── INPUT DATA ──

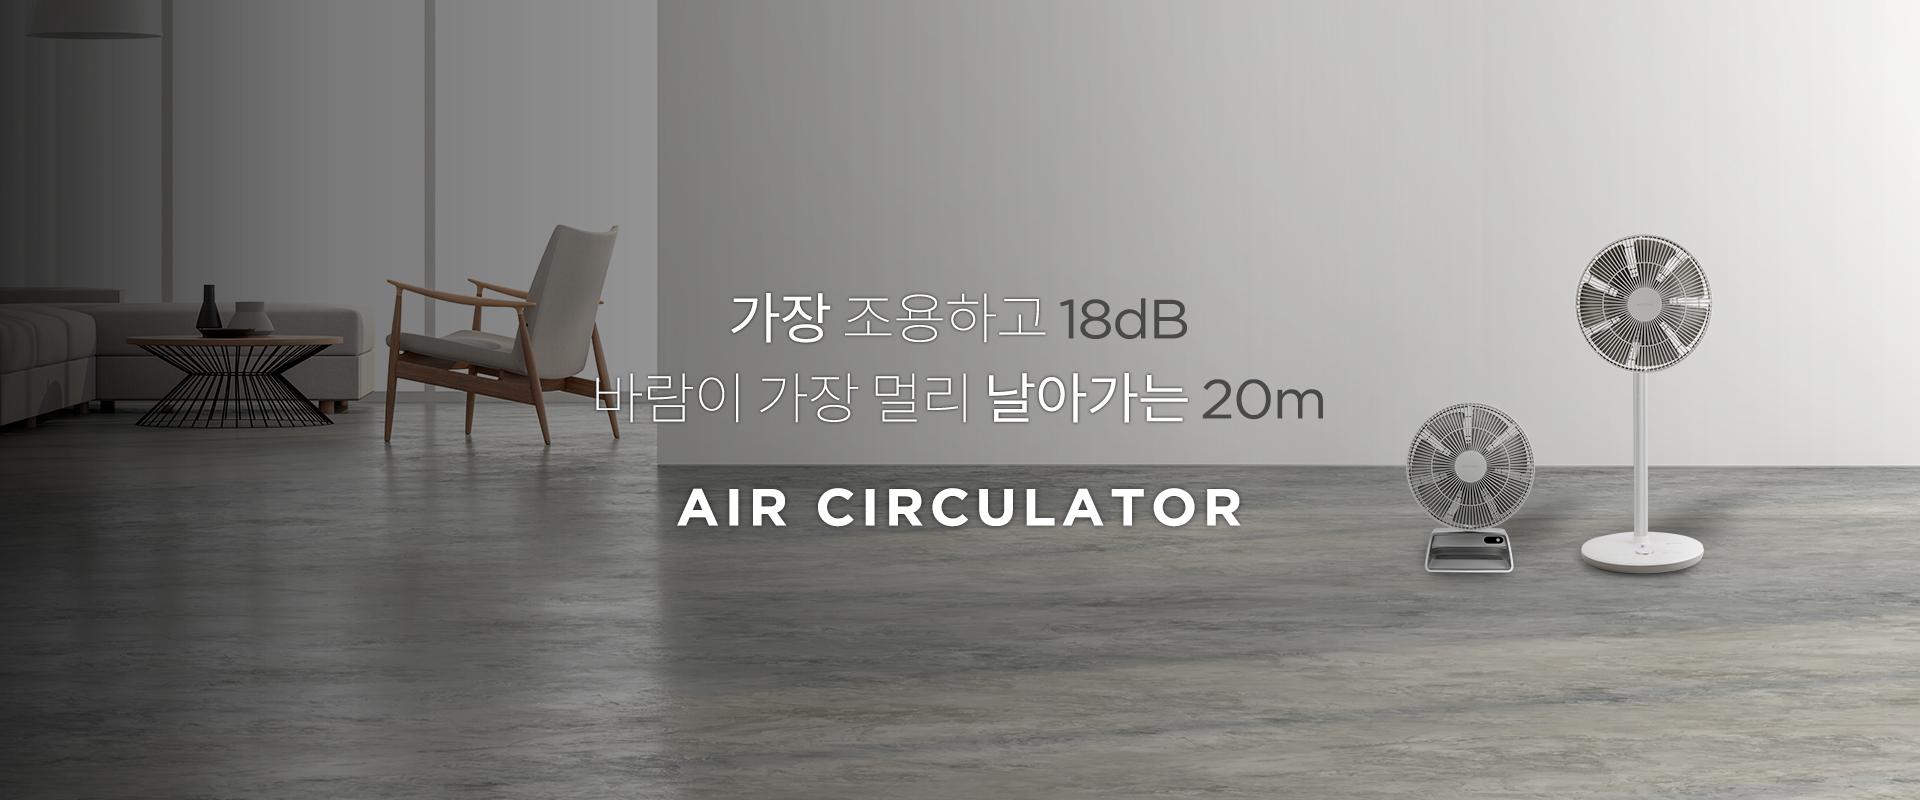 엠아이디자인, 서큘레이터, CDS-14, BLDC모터, 무풍, 터치, 120도
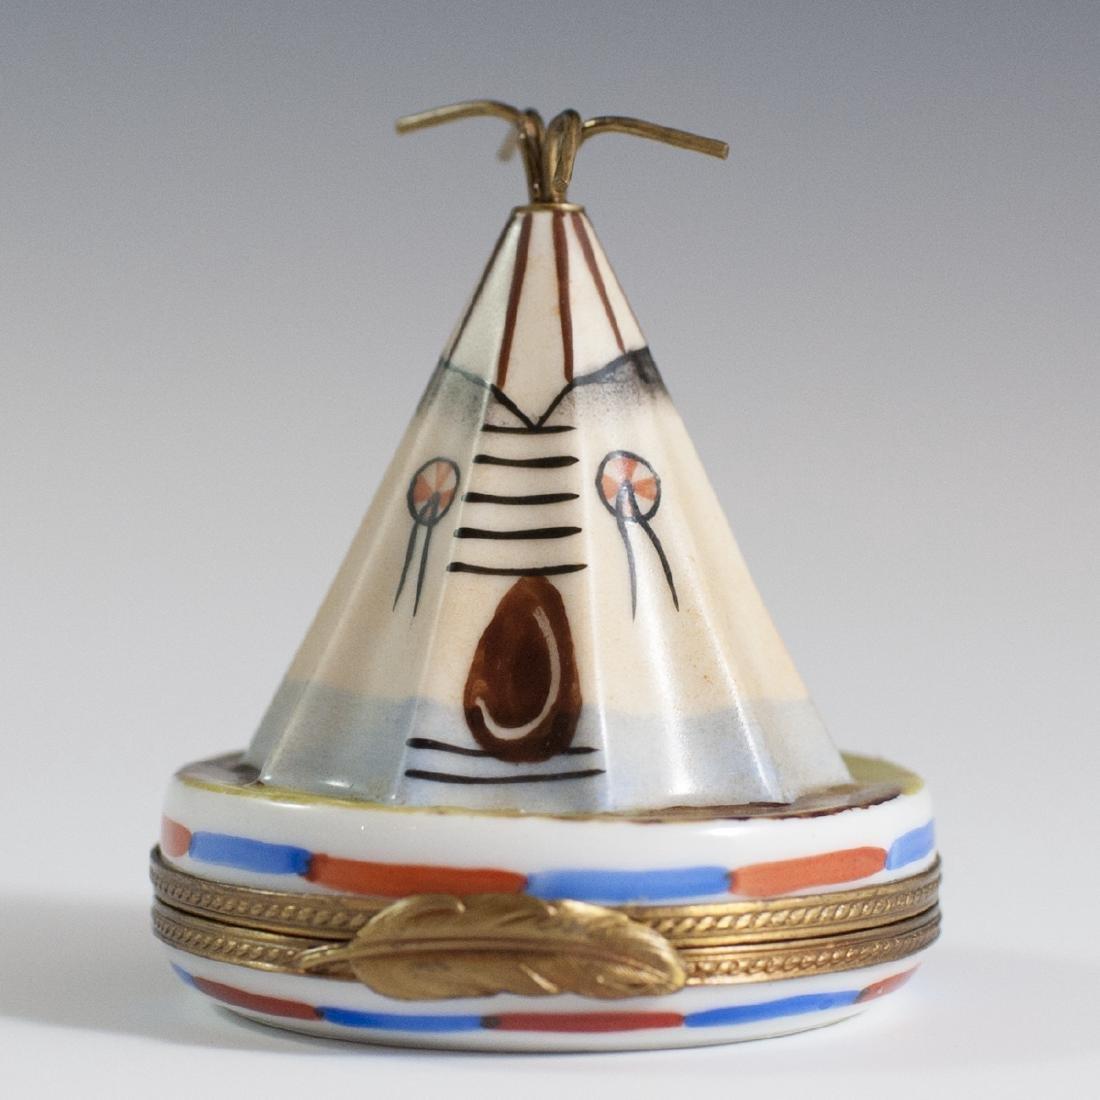 La Gloriette Limoges Porcelain Trinket Box
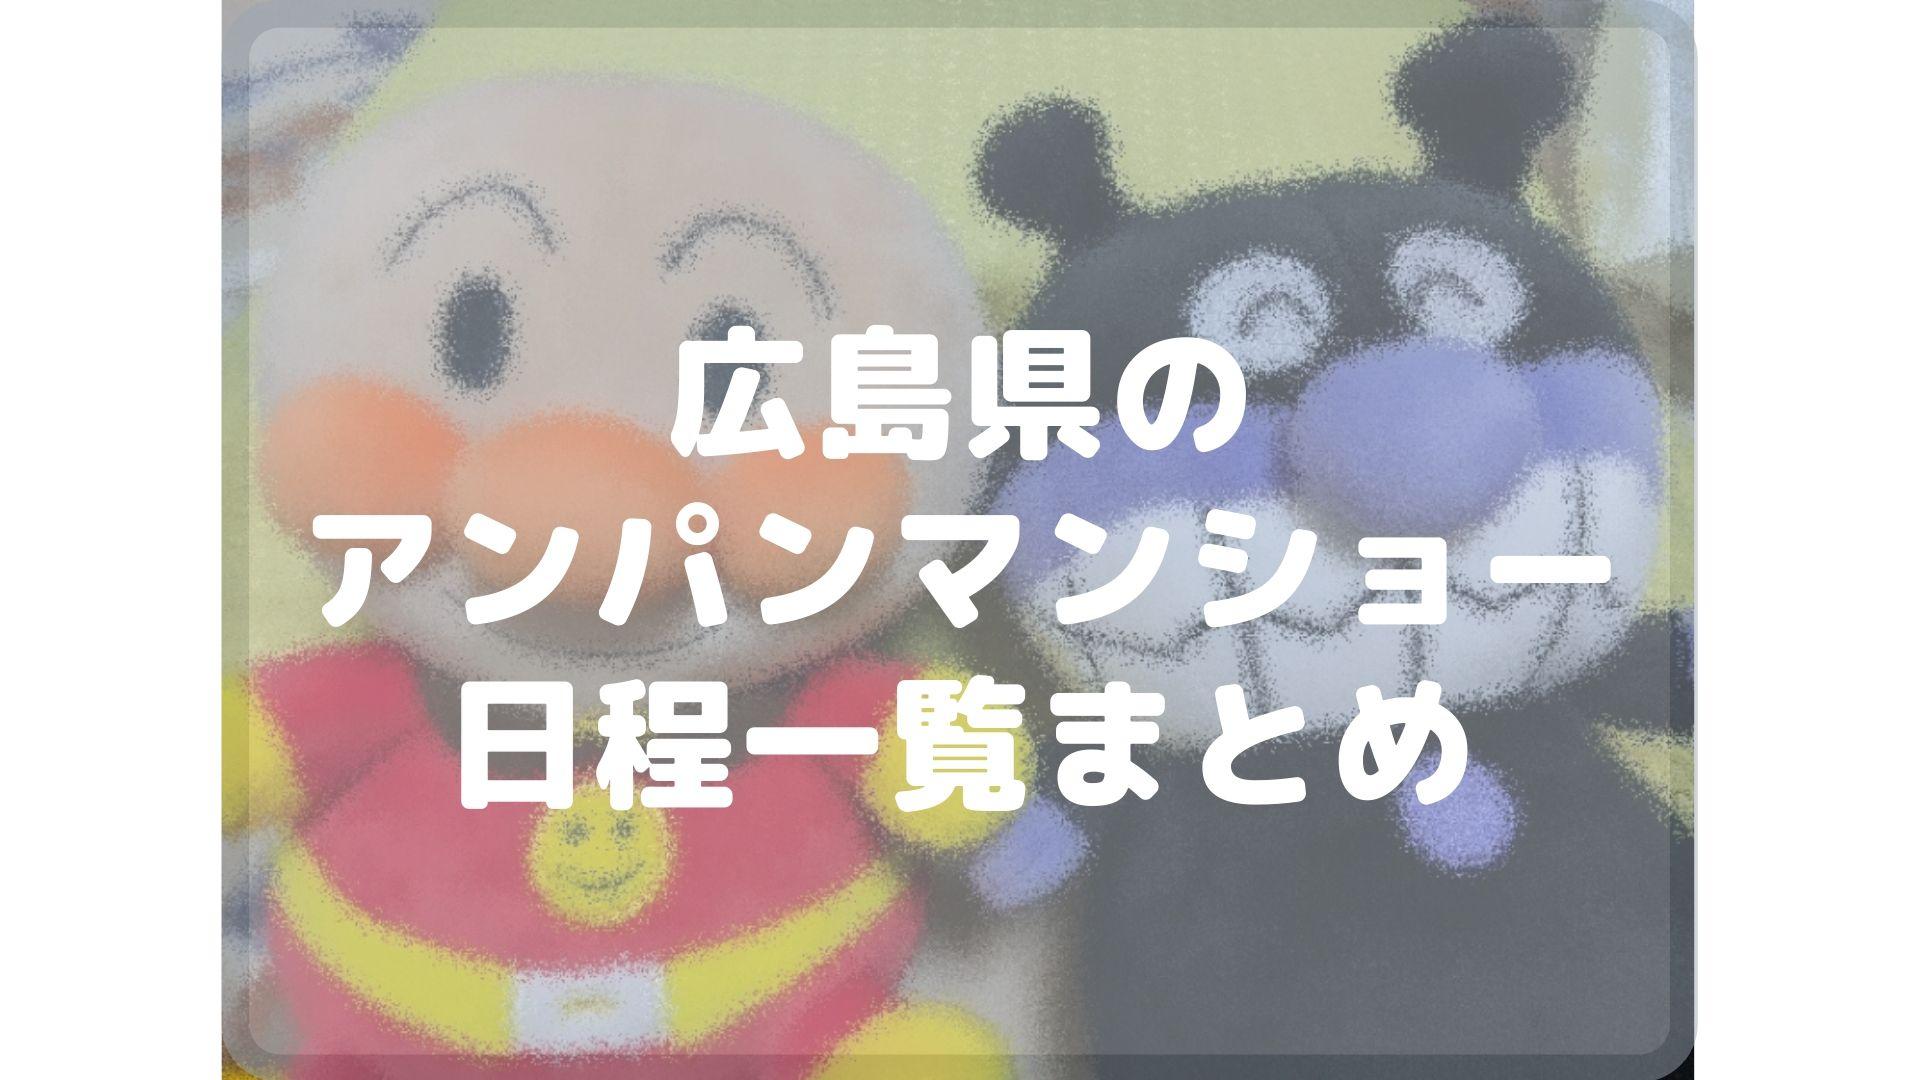 広島県のアンパンマンショーまとめタイトル画像

───

◆ EXERCISE DESCRIPTION ◆
Exactly as written, set down the lines from the line holding "La Gloriette Limoges Porcelain Trinket Box" to the last line of the data, both ends included, pictures excluded.

◆ EXERCISE RESPONSE ◆
 La Gloriette Limoges Porcelain Trinket Box
 広島県のアンパンマンショーまとめタイトル画像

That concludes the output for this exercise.